Matty Nicholson

Personal information
- Full name: Matthew Nicholson
- Born: 18 July 2003 (age 23) Halifax, West Yorkshire, England
- Height: 185 cm (6 ft 1 in)
- Weight: 100 kg (15 st 10 lb)

Playing information
- Position: Second-row
Club
| Years | Team | Pld | T | G | FG | P |
| 2021–22 | Wigan Warriors | 1 | 2 | 0 | 0 | 8 |
| 2021(loan) | → Newcastle Thunder | 1 | 0 | 0 | 0 | 0 |
| 2022(loan) | → Newcastle Thunder | 9 | 1 | 0 | 0 | 4 |
| 2022–24 | Warrington Wolves | 50 | 17 | 0 | 0 | 68 |
| 2025– | Canberra Raiders | 16 | 6 | 0 | 0 | 24 |
|  | Total | 77 | 26 | 0 | 0 | 104 |
Representative
| Years | Team | Pld | T | G | FG | P |
| 2022– | England Knights | 1 | 0 | 0 | 0 | 0 |
| 2023– | England | 2 | 1 | 0 | 0 | 4 |
- Source: As of 5 September 2026

= Matty Nicholson =

England international rugby league footballer (born 2003)

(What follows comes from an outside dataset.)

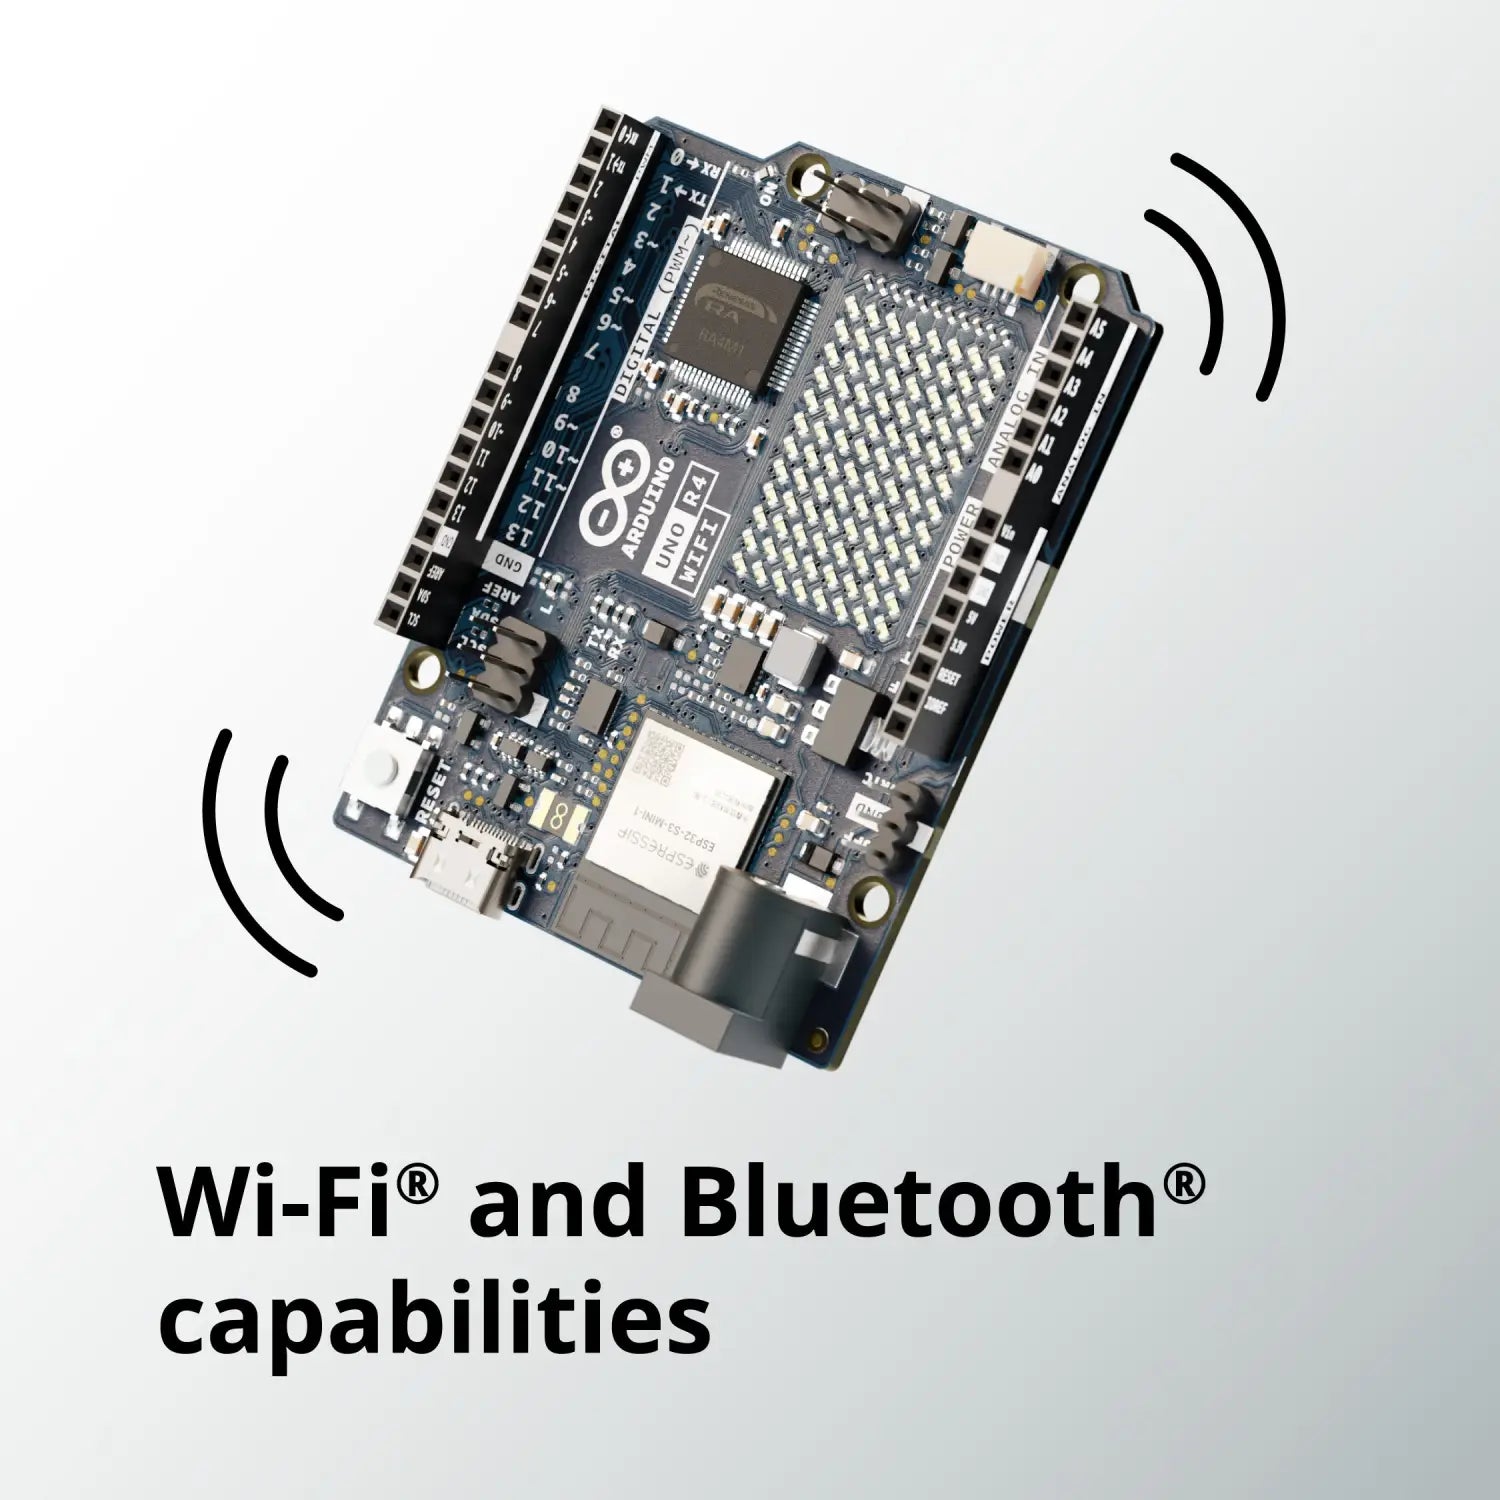 Arduino UNO R4 WiFi [ABX00087] - Renesas RA4M1 / ESP32-S3 - Wi-Fi,  Bluetooth, USB-C, CAN, DAC, OP AMP, Qwiic Connector, 12x8 LED Matrix

Matthew Nicholson (born 18 July 2003) is an English professional rugby league footballer who plays as a forward for the Canberra Raiders in the National Rugby League.

==Background==
Born on 18 July 2003, in Halifax, West Yorkshire, Nicholson played his amateur rugby league for Siddal.

==Playing career==
===Wigan===
Nicholson started his professional career at Wigan Warriors. He made his senior debut in 2021 on loan at Newcastle Thunder, and was loaned out again to the club at the start of the 2022 season. In May 2022, Nicholson made his Super League debut for Wigan, scoring two tries in a 22–32 defeat against Huddersfield Giants.

===Warrington===
In June 2022, Warrington Wolves announced the signing of Nicholson on a three-and-a-half-year contract. Nicholson played 18 games for Warrington in the 2023 Super League season as Warrington finished sixth on the table and qualified for the playoffs. He played in the clubs elimination playoff loss against St Helens. On 8 June 2024, Nicholson played in Warrington's 2024 Challenge Cup final loss against Wigan.

===Canberra Raiders===
On 12 July 2024, it was reported that he had signed for Canberra in the NRL on a three-year deal. In round 2 of the 2025 NRL season, Nicholson made his club debut for Canberra and scored two tries as they defeated Brisbane 32-22.
Nicholson played 11 matches for Canberra in the 2025 NRL season as the club claimed the Minor Premiership.
Nicholson was limited to just five appearances for Canberra in the 2026 NRL season as the club finished 11th on the table and missed the finals.